Little Red Rodent Hood
Merrie Melodies (Sylvester) series
Directed by I. Freleng
Story by Warren Foster
Voices by Mel Blanc
Bea Benaderet
(uncredited)
Music by Carl Stalling
Animation by Arthur Davis
Manuel Perez
Ken Champin
Virgil Ross
Distributed by Warner Bros. Pictures
The Vitaphone Corporation
Release date(s) 1952 (USA)
Color process Technicolor
Running time 6 minutes
Language English

Little Red Rodent Hood is a 1952 animated short featuring Sylvester in parody of Little Red Riding Hood.

Plot

A grandmother mouse is telling her granddaughter a bedtime story, and so tells of Little Red Riding Hood (with the mouse as Riding Hood), and her visit to Grandma's House, unaware that the wolf (Sylvester) is watching her. He takes a shortcut to Grandma's, only to find four others already there, who he forces out. Red comes along, and he speaks his cue line, ("The better to eat you with") starting the chase.

He pursues Red down the staircase, only to be propelled further than intended by a stick of butter.

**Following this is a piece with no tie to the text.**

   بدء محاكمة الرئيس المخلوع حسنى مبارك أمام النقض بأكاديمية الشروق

Sylvester then decides to blow the house up with dynamite, but accidentally sticks it into Hector's mouth, who then sticks it in the cat's mouth until it blows up. Sylvester next disguises himself as Red's fairy godmother, attempting to electrocute Red with a rigged wand. Sylvester's incantation is "ragg mopp" in reference to the 1950 pop song Rag Mop by The Ames Brothers. However, Hector unplugs the power so that it doesn't work. Sylvester wonders if the wand is faulty ("What's this? Must've blown a fuse or somethin'") but Red simply tells him that nothing had happened ("It's a fake; nothing happens"). Hector then plugs it back in just as Sylvester tests it on himself ("Whaddya mean, nothin' happened?")

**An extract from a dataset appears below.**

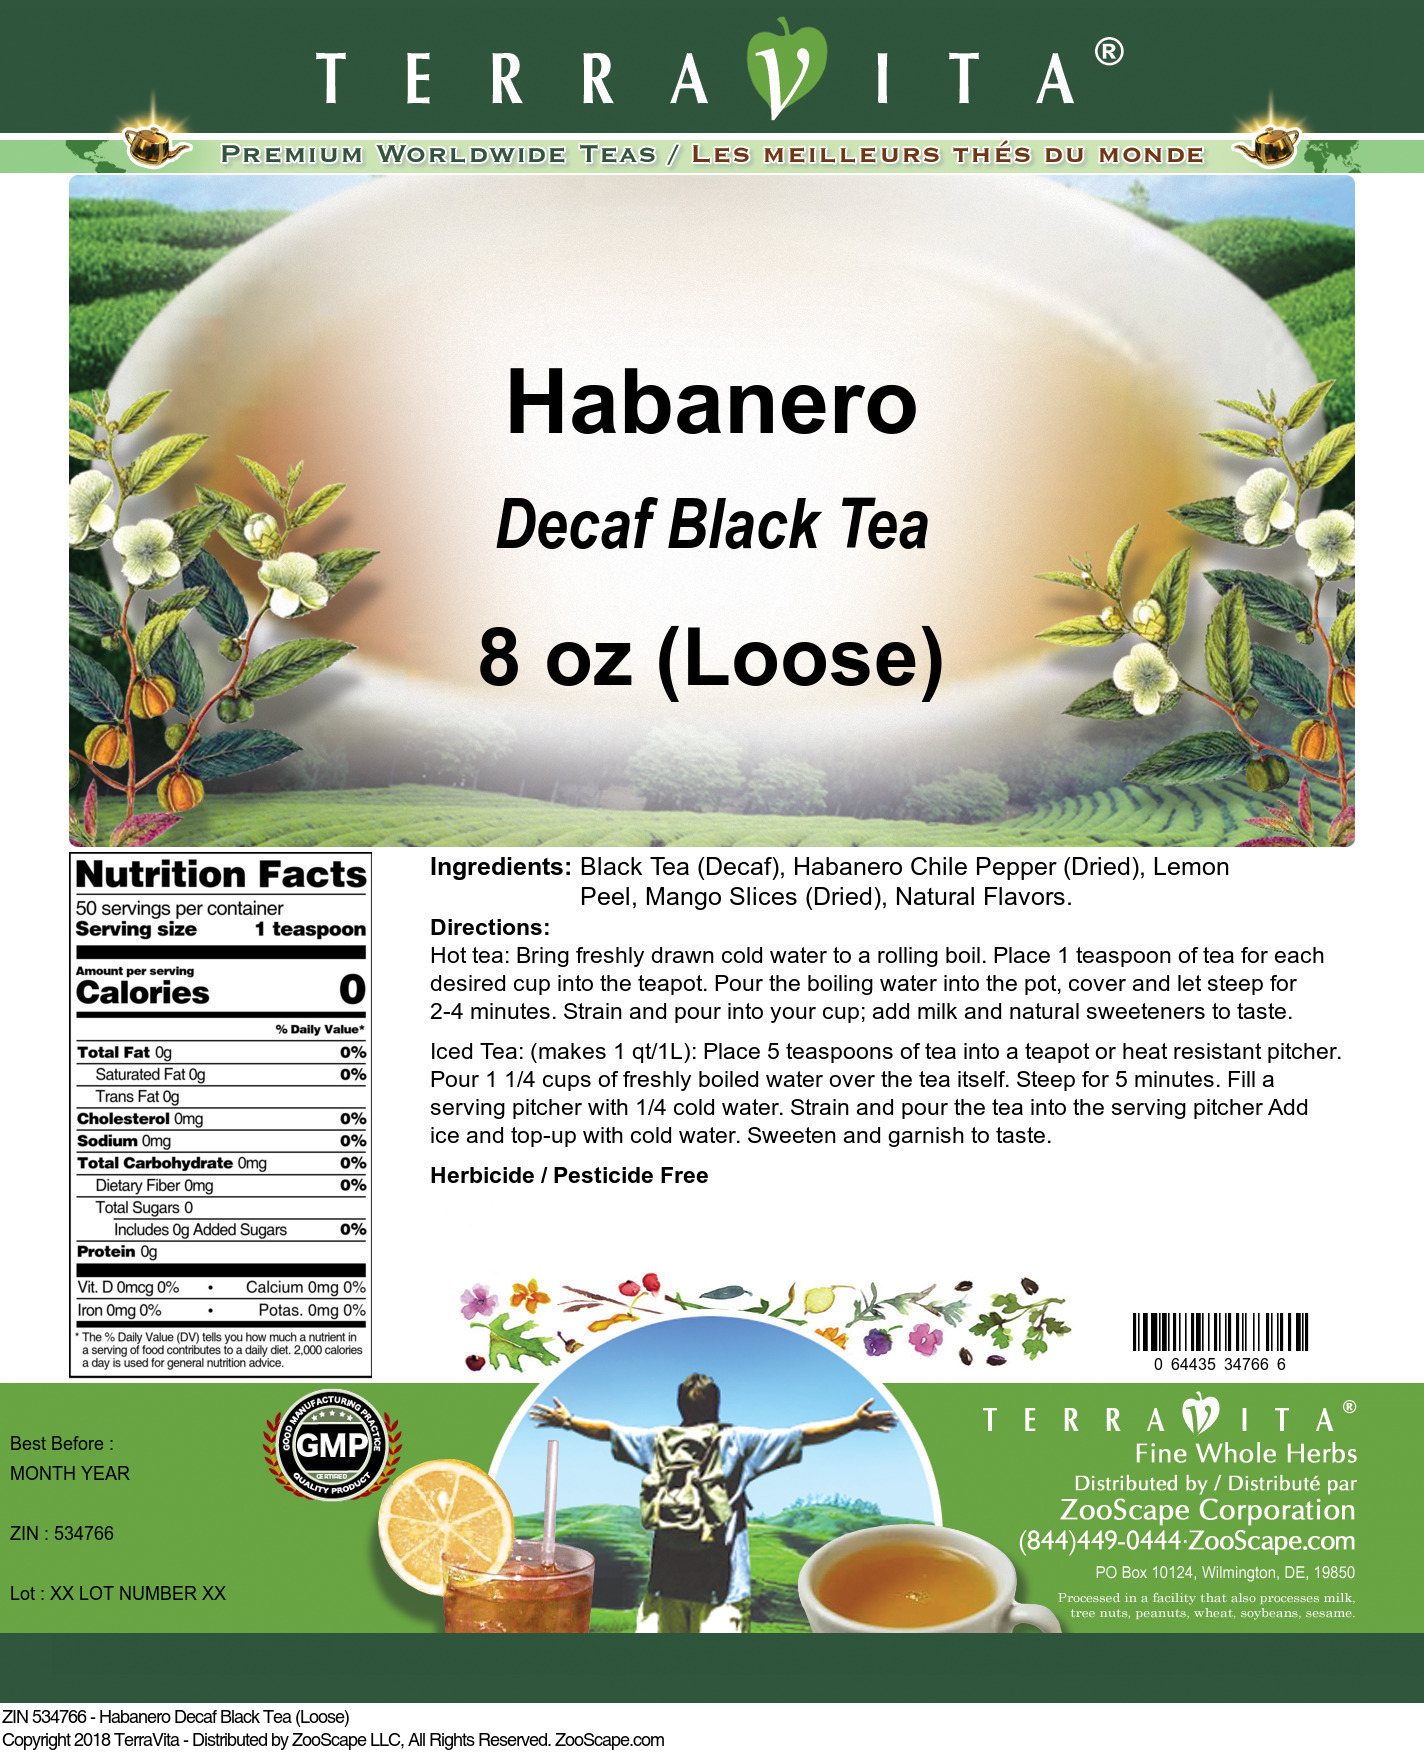 Habanero Decaf Black Tea (Loose) - Label

The mouse then tries to go outside, but is trapped once again. Underneath a cup, Sylvester watches as the mouse prepares something, revealed to be a miniature tank that packs a punch. He then traps the mouse by its hole. The grandmother describes how, to save herself, the mouse threw a stick of dynamite out, doing so to demonstrate. The mouse claims that it must have blown the cat up, to which Sylvester replies, "You're not just whistling dixie, brother!"